If you have it, you can technically create sections within your list. If not, just make sure at the beginning of each you address the person so that they can self identify ” this one is relevant to me “or ” this one is not,” and that way, you can be much more narrowly focused. You can speak directly to pain points without necessarily putting off everybody because it’s just too vague.
Are there any monitoring tools to monitor the content? May be from competitor content anywhere?
A- You can check competitors out with SEO tools like AHREFS, SEMRush, and SEO Suites. It’s a neat tool I haven’t dived into it very acutely any of them. Those are going to help you do competitor research and also figure out how you are comparing to them. It is vital information I did content for many years without that information. Whereas I did ok, I could have done so much better if I had had the numbers and since getting to a point where I had all the tools I needed.
It made a huge difference you do want to be. Right next to the list of content I’m producing or have produced, I have the numbers on those pieces. That helps me see right away how well things are performing. Is it this writer who does very well, or is it this topic that does very well that helps me to see the big picture. Ultimately it is what you want.
What is your process of selecting or discovering new topics?
I use a search volume on keywords as a proxy for people’s interests in the topic. So there are many topics that I think got to be relevant. But if no search volume around it tells me people already have what they need, or they’re not interested one or the other.

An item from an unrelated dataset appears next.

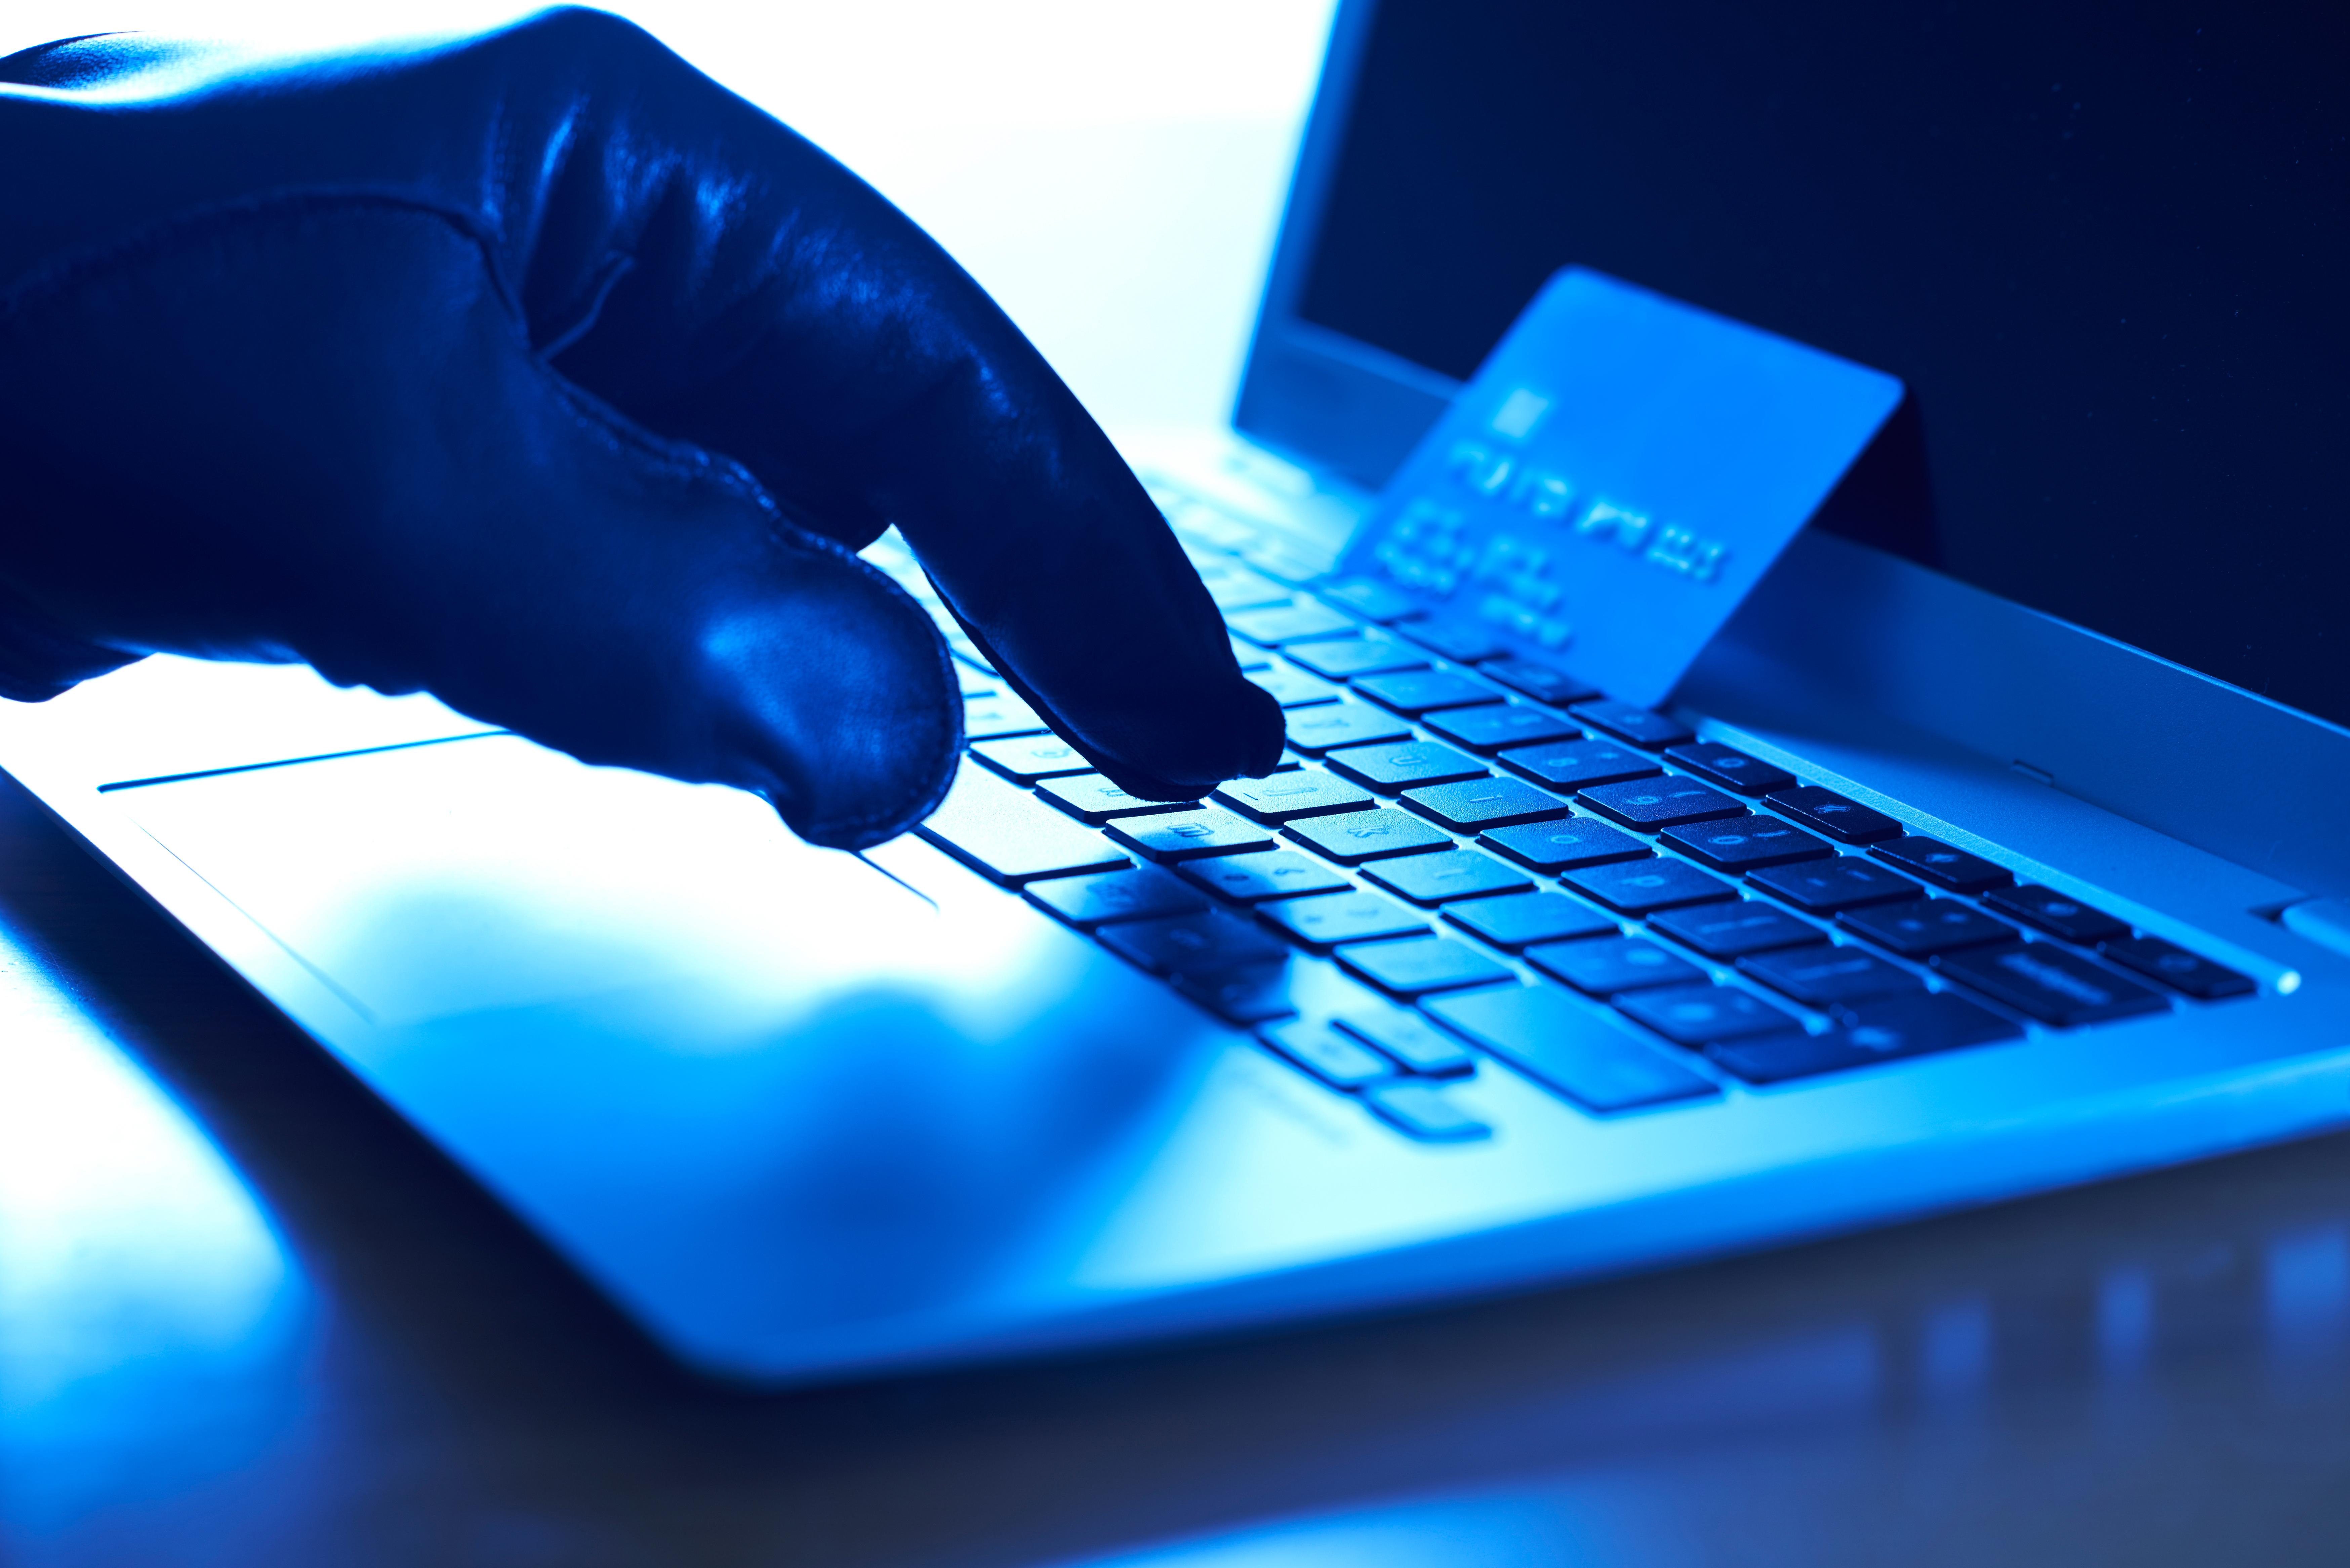 Român arestat în Spania pentru înșelăciuni informatice. Paguba e de 7 milioane USD

Now having said that right now, we’re in an exciting space where there is no search volume on how to sell in a pandemic, but I know people need to know that. So that’s where you have to bring your intuition into play. There are times when you have just to watch the trends, and you’ve got to cross your fingers, go ahead, and publish a few pieces. Test ideas on social media, if they work there, you know they will probably work on your blog.
How do you think inbound as a demand generation/ acquisition process with the outbound philosophy?
I think they integrate very well. If you have an excellent inbound funnel put together, you have a perfect topic level top of the funnel content that your outbound people can use or that you can leverage in an outbound funnel. Whether you’re doing it through a content funnel or with salespeople, I do feel like if you have the right informational pieces in your arsenal, then people can you can just pick and choose. You need to have a cluster of content around it. Once you have that, then you can start leveraging it in your outbound.